## Task to carry out
This exercise asks for an exact copy of the lines from the one containing "鈴木プロデューサーが筆を走らせた数々の名言やタイトルコピー (C)girls Artalk" through the final line of the material, with pictures omitted.

## Information provided
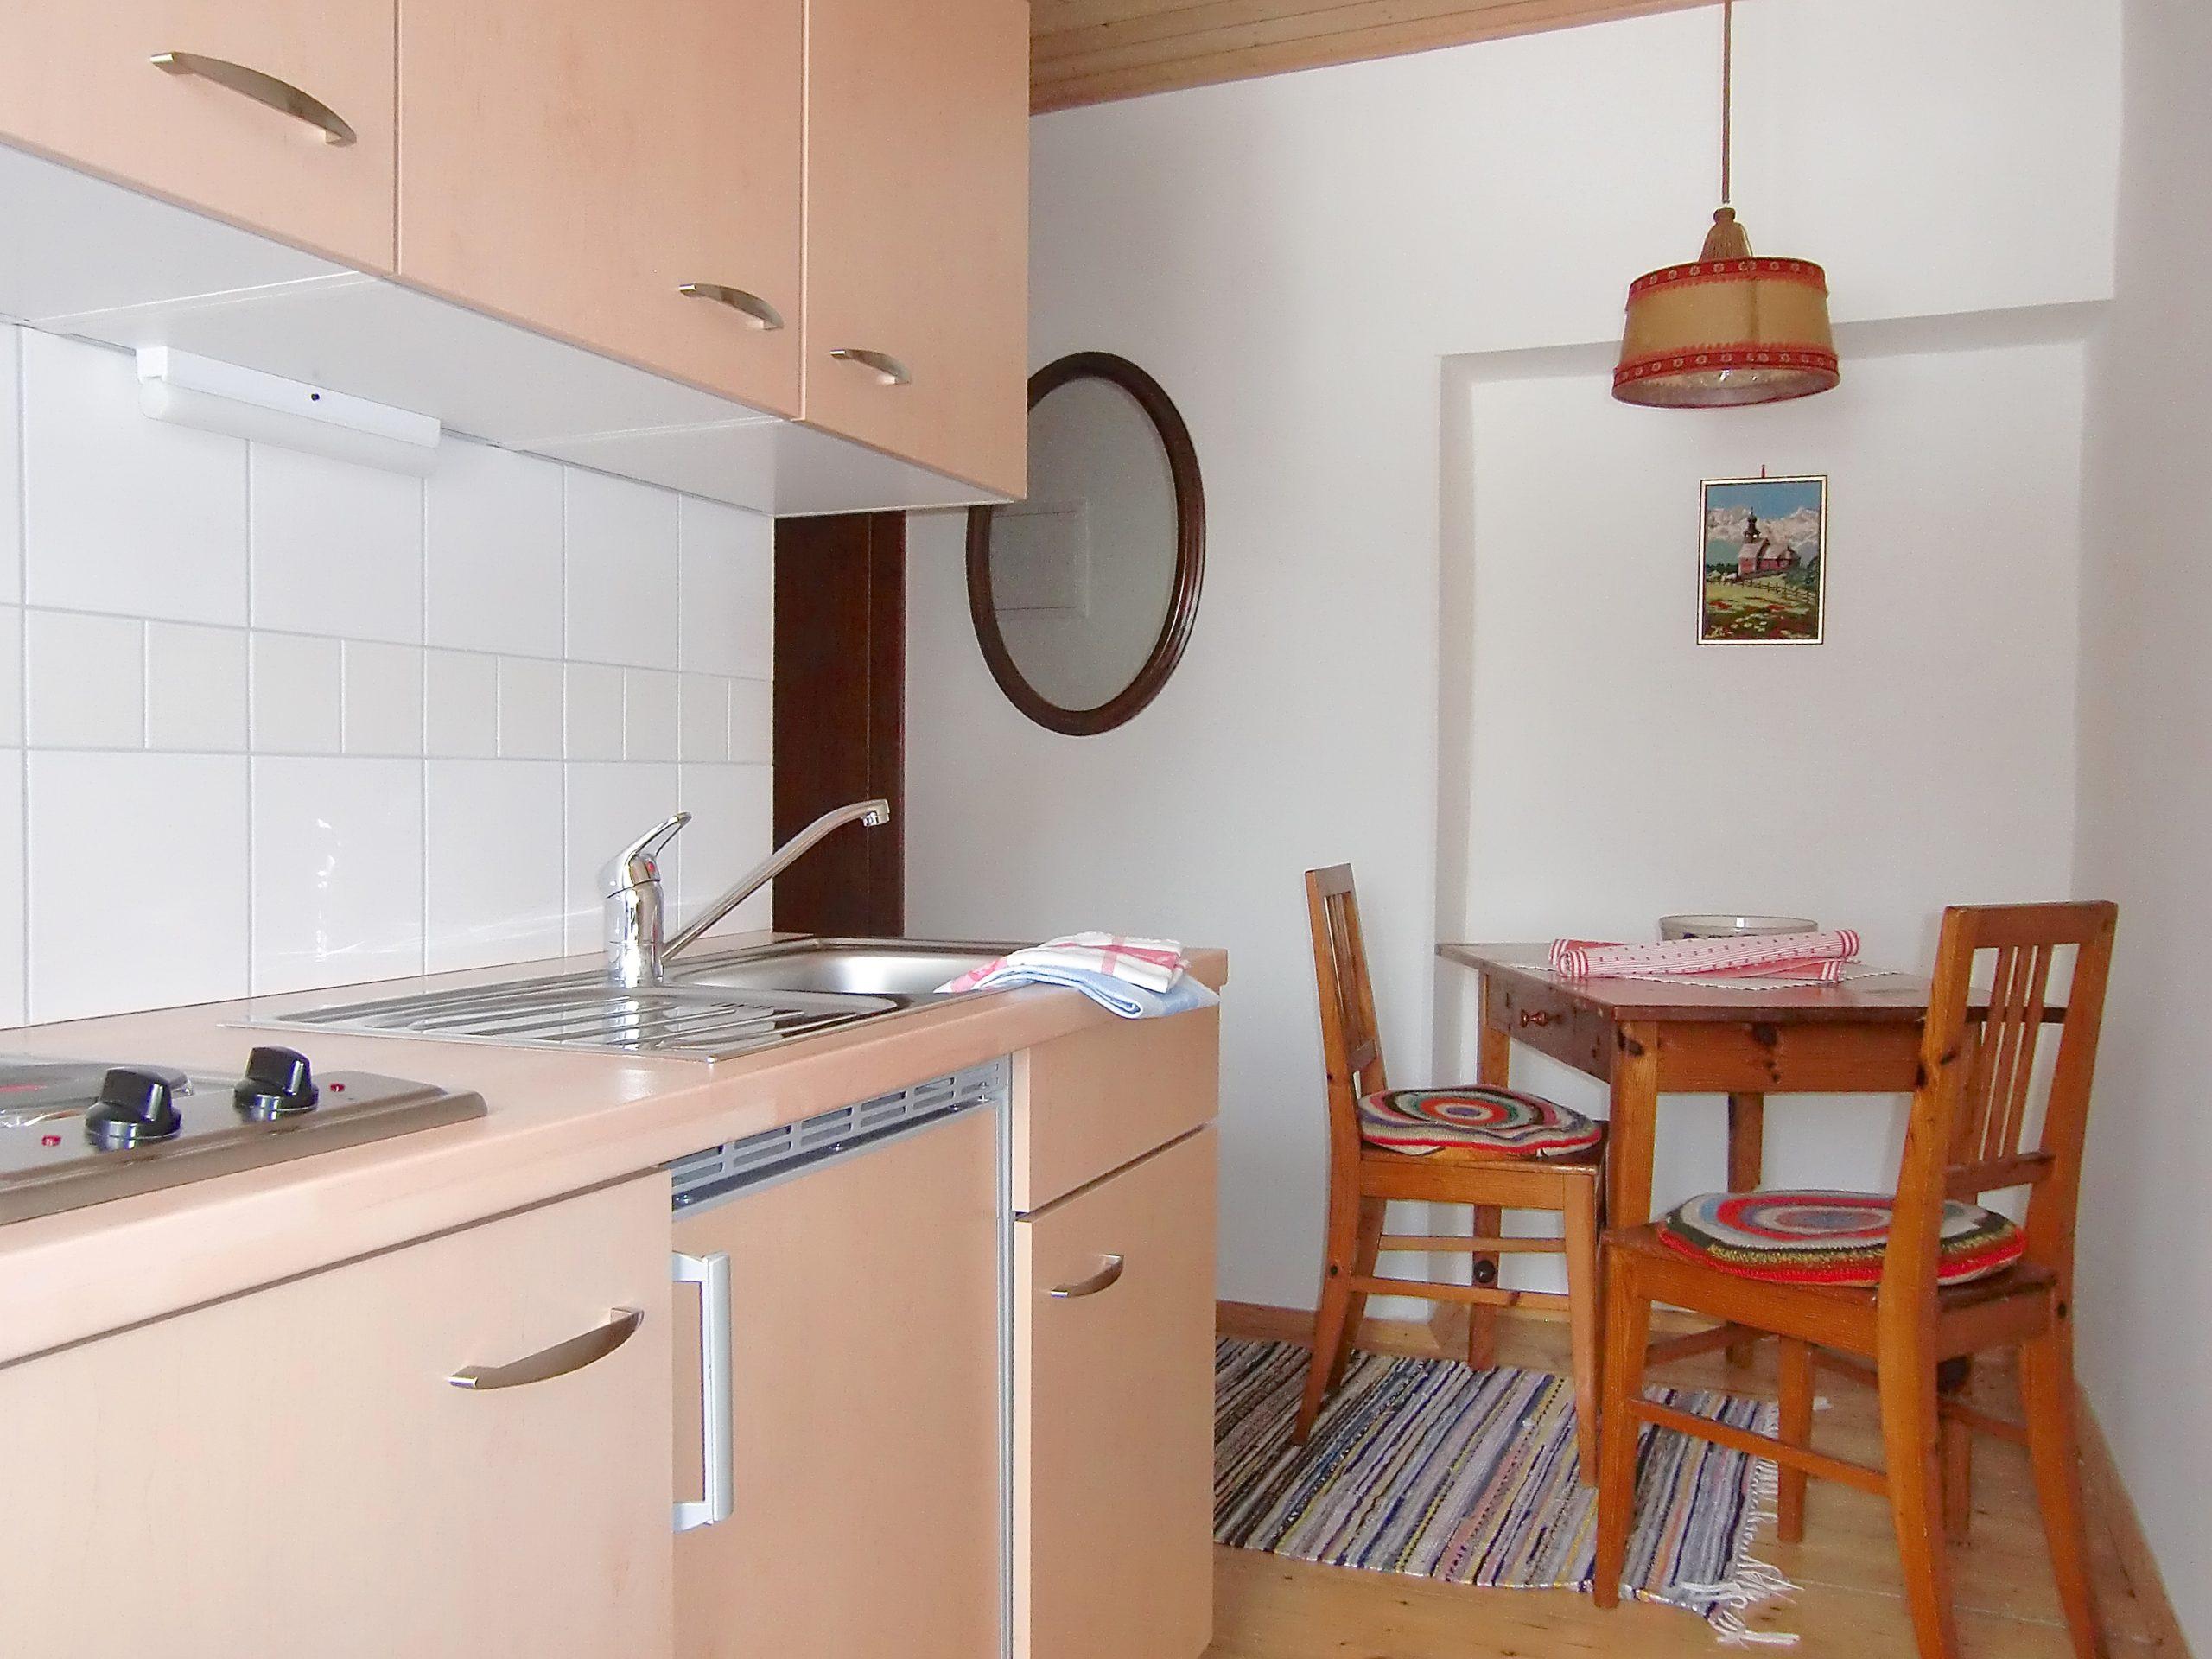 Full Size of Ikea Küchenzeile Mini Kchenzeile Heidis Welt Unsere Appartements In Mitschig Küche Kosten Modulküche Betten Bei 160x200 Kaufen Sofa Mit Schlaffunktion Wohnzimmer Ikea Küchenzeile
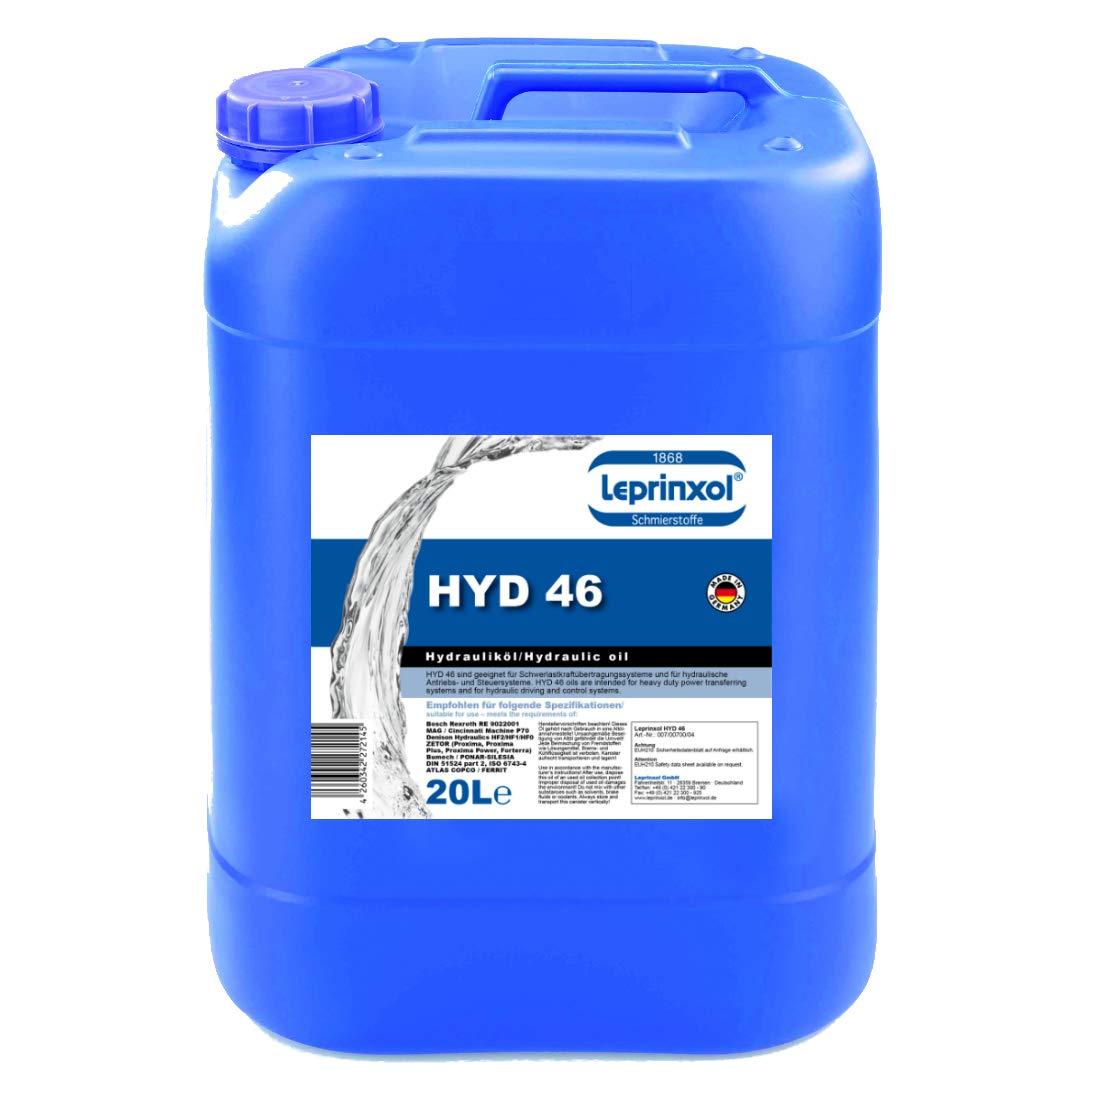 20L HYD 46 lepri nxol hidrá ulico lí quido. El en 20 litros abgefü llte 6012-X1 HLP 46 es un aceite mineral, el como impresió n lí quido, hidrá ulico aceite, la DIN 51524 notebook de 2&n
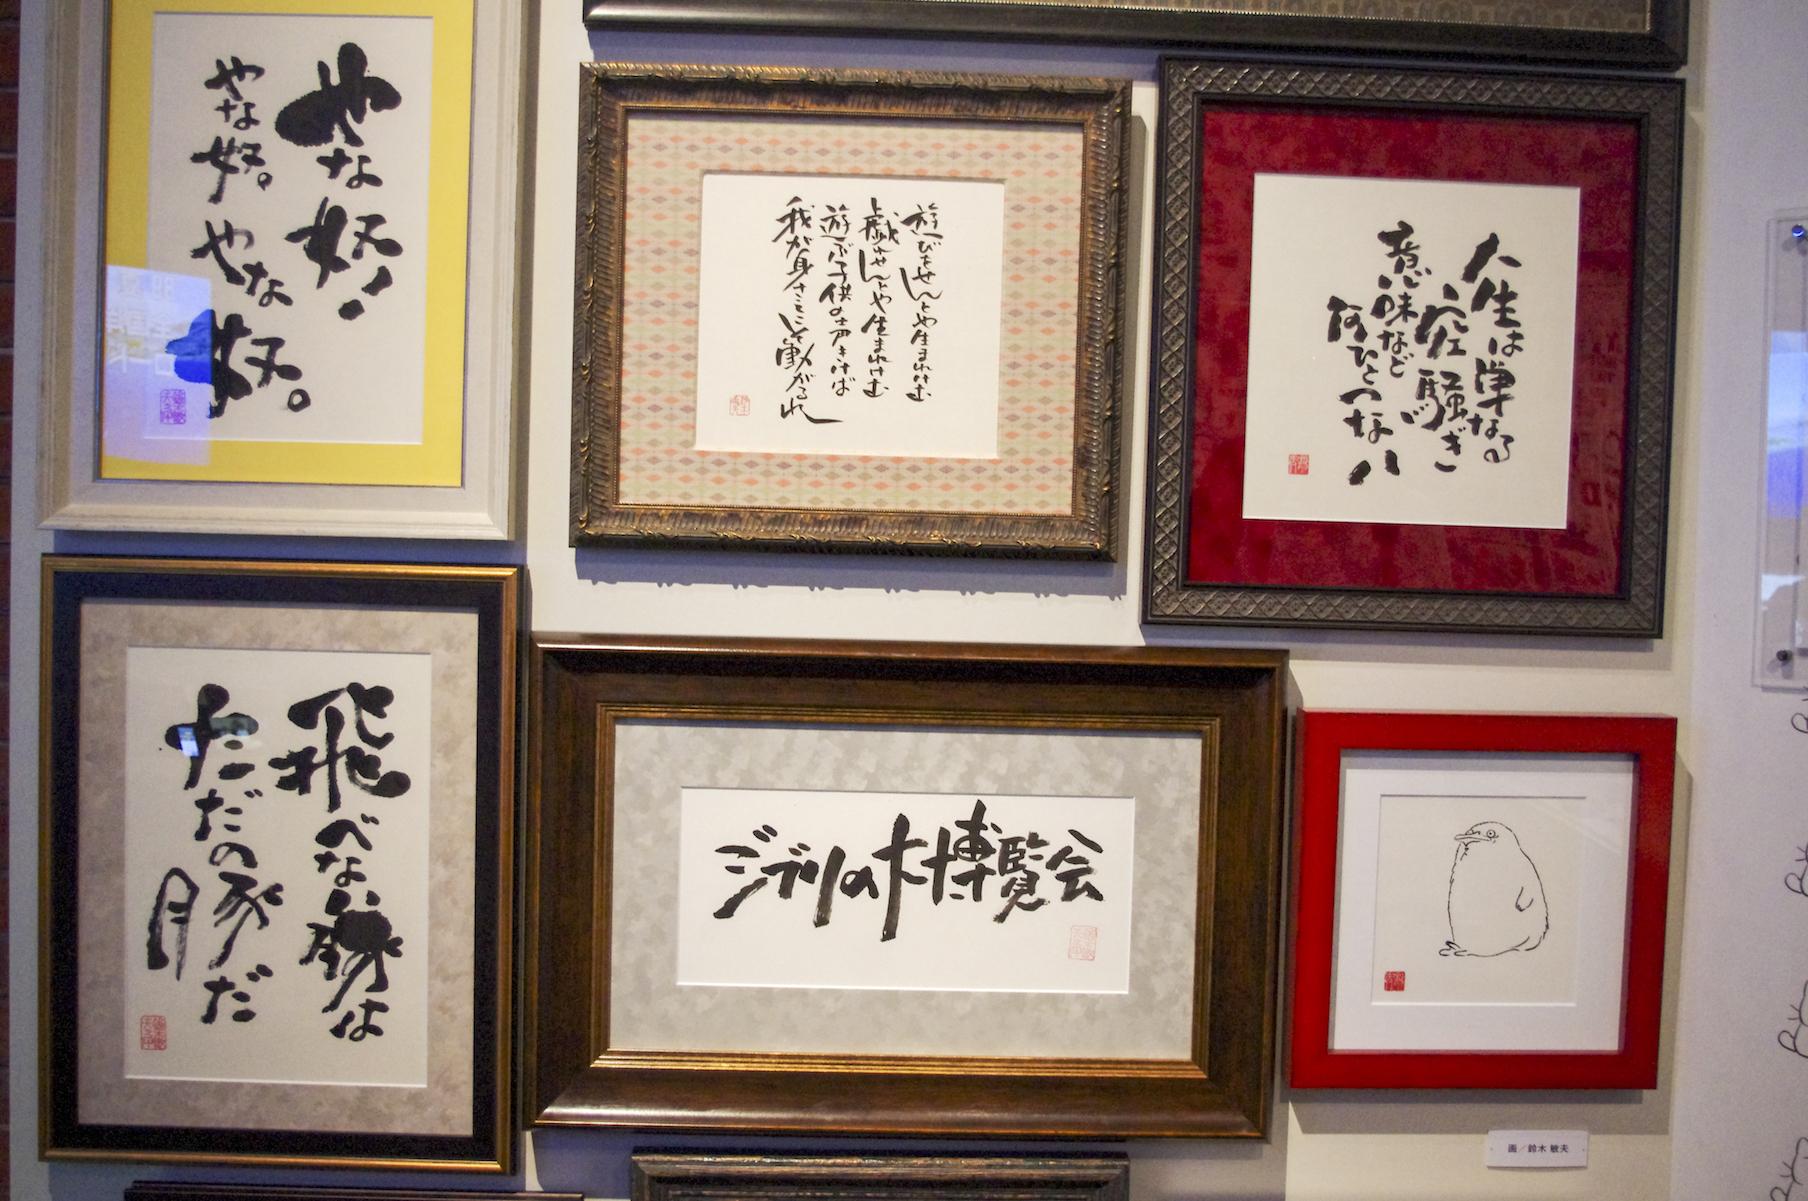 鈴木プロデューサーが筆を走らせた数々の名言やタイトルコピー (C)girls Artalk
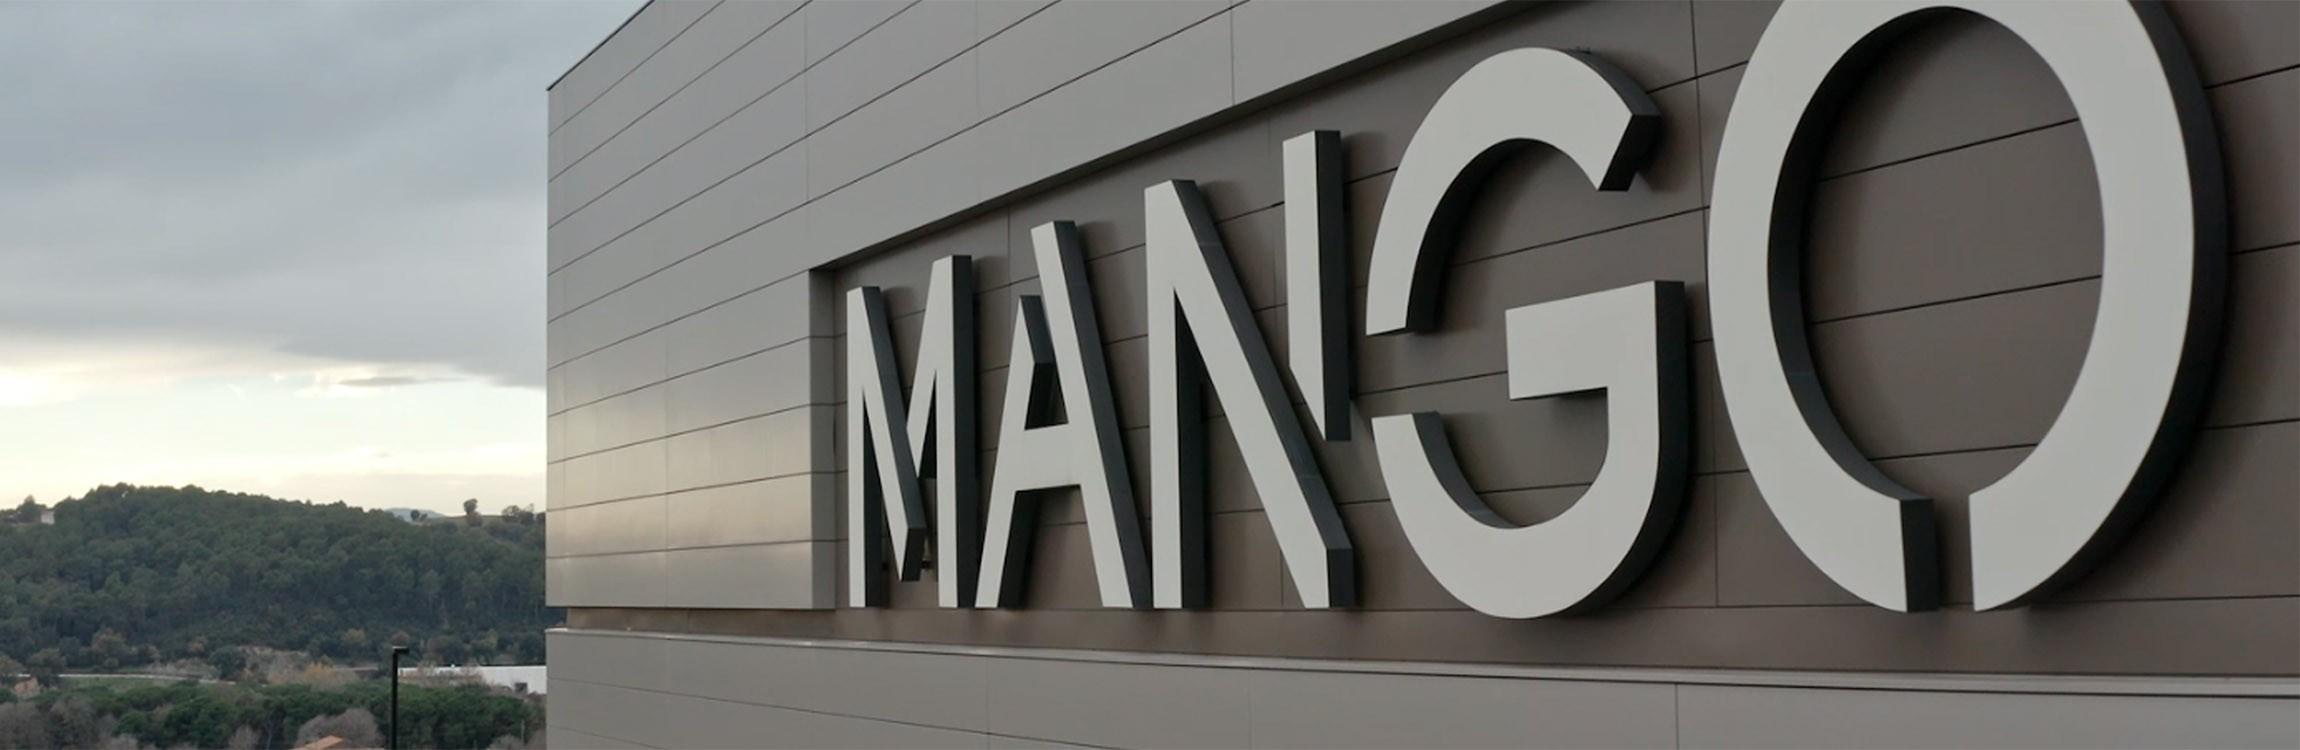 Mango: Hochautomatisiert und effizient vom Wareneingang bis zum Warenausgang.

## Task answer
 鈴木プロデューサーが筆を走らせた数々の名言やタイトルコピー (C)girls Artalk
 Mango: Hochautomatisiert und effizient vom Wareneingang bis zum Warenausgang.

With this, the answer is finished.